In a way, Tensor Cores are equivalent to CPU vector units but for 2D-range operations, and specifically, for matrix-multiply operations. Thus, in hardware, GPUs implement a set of functional units to perform multiple MMA operations per GPU clock cycle. The number of functional units per GPU depends on the GPU generation and the GPU-tier (e.g., a GPU for a data center vs a consumer-grade GPU).

To better understand where tensors are computed on GPUs, let’s look at the common organization of CUDA cores and Tensor Cores on current NVIDIA GPU architectures.

The diagram represents a processing block from the NVIDIA GPU architecture. It is composed of a so-called warp-scheduler (a warp on NVIDIA GPUs means a set of consecutive 32 threads that will run in lockstep on the GPU cores. Although since the NVIDIA Volta microarchitecture, independent thread-scheduling is also possible). The warp scheduler can dispatch a warp per clock/cycle. **This is really a throughput machine.**

Each processing block contains a large register file (for example, the NVIDIA B200 GPU contains more than 16k private registers). This is private space for the CUDA threads that run inside the processing block. Furthermore, the processing block contains a big set of functional units for computing floating point operations in 32-bit, and integers of 32 bits. These represent the common CUDA cores that NVIDIA advertises. Each GPU tier and GPU generation varies in the number of CUDA cores per processing block. For instance, the NVIDIA Blackwell microarchitecture contains 32 CUDA cores for each processing block.

Additionally, each processing block contains units for performing loads and stores, and a special functional unit (SFU), in which math operations such as `sqrt`

, `exp`

, etc., are processed.

Finally, **each processing block contains a big unit for explicitly computing tensors**. The MMA tensor operation that we described previously will be executed in these units.

NVIDIA GPUs do not provide just one processing block per GPU. They are, indeed, organized into larger processing structures called streaming multiprocessors (SM). And, in the Blackwell microarchitecture, each SM contains four processing blocks as follows:

Again, different GPU generations and different GPU tiers provide different numbers of SMs per GPU. To give you an example, the [NVIDIA B200 GPU](https://developer.nvidia.com/blog/inside-nvidia-blackwell-ultra-the-chip-powering-the-ai-factory-era/) contains up to 160 Streaming Multiprocessors (SMs), and each SM contains 4 Tensor Cores. Furthermore, each Tensor Core can perform up to [512 FMA operations per cycle](https://cvw.cac.cornell.edu/gpu-architecture/horizon-gpus-blackwell-b200/tensor_cores_fifth_gen) in half precision (using 16-bits floating point numbers). This gives a **total of 2048 FMA (Fused Multiply-Add) operations per cycle, per SM!**

**We, as CUDA/GPU programmers, and hopefully, as Java developers too, can directly program the Tensor Core Unit via an API for performing fast MMA operations.**

[How Fast can we Process MMA Operations with Tensor Cores?](#how-fast-can-we-process-mma-operations-with-tensor-cores)

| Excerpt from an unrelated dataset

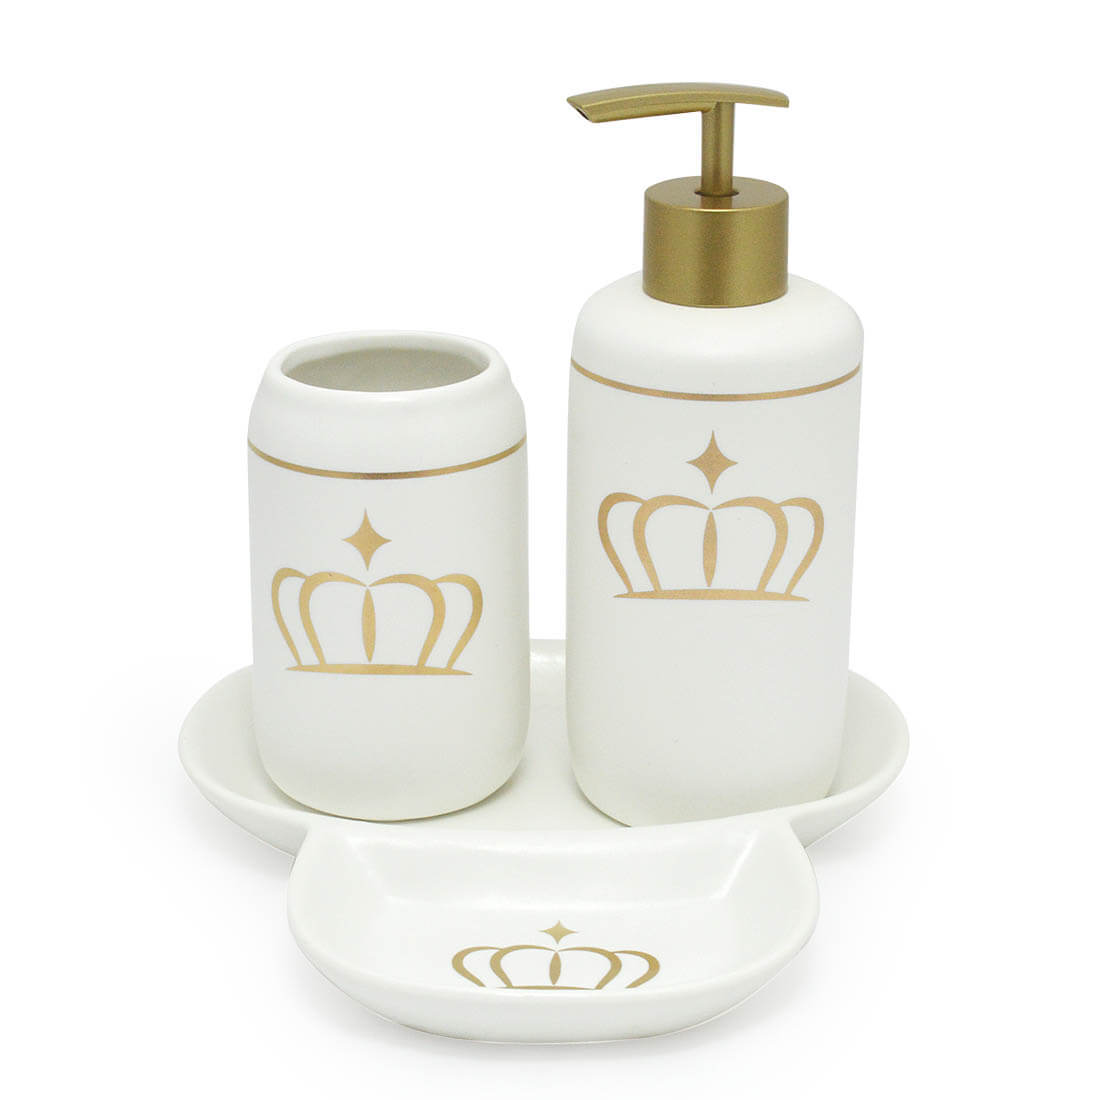 Kit Banheiro Lavabo 3 Peças Branco Porcelana Coroa Dourada

Let’s run an experiment. I am going to use an NVIDIA A10 GPU, and the CUDA code used has been adapted from an [article from NVIDIA](https://developer.nvidia.com/blog/programming-tensor-cores-cuda-9/). The cited article includes a comparison between explicit-use of Tensors using a naïve version of the matrix-multiplication with the tensor WMMA API, and compares this version against the [ cublasGemmEx](https://docs.nvidia.com/cuda/cublas/index.html#cublasgemmex) kernel from the cuBLAS library. While this experiment was written for illustration purposes, it gives an idea about how the APIs are used.

I slightly modified that example to also include the naïve matrix multiplication implemented in CUDA without tensors. This gives a better idea about the performance gains for using CUDA Tensors. The source code can be found in the following [link](https://github.com/jjfumero/cuda-tensor-samples/blob/main/tensorsExample.cu).

Thus, now we have 3 versions in this example:

- A naïve matrix-multiplication implemented in CUDA.
- A naïve matrix-multiplication implemented in CUDA using the Tensor API (wmma) in a row-major layout.
- A library call to the NVIDIA cuBLAS for
`GEMM`

in FP16 (16-bits floating point numbers).

Let’s analyze the performance of each implementation using the [NVIDIA Nsight Compute Profiler (NCU)](https://developer.nvidia.com/nsight-compute). The matrix size used is 1024x1024. The following Figure shows a screenshot of the CUDA NCU profiler for each of the kernels evaluated. The relevant columns for us are the third column (kernel name) and the fifth column (duration in ms) for each kernel.

As we can see, the naïve implementation (illustrated in row 6 from the Figure) takes 2.15 milliseconds. The naïve implementation using tensors (`wmma_example`

) kernel illustrated in the profiler report in line 7 takes 0.33 milliseconds. This means a speedup of ~6.5x in kernel time, just by enabling tensor cores!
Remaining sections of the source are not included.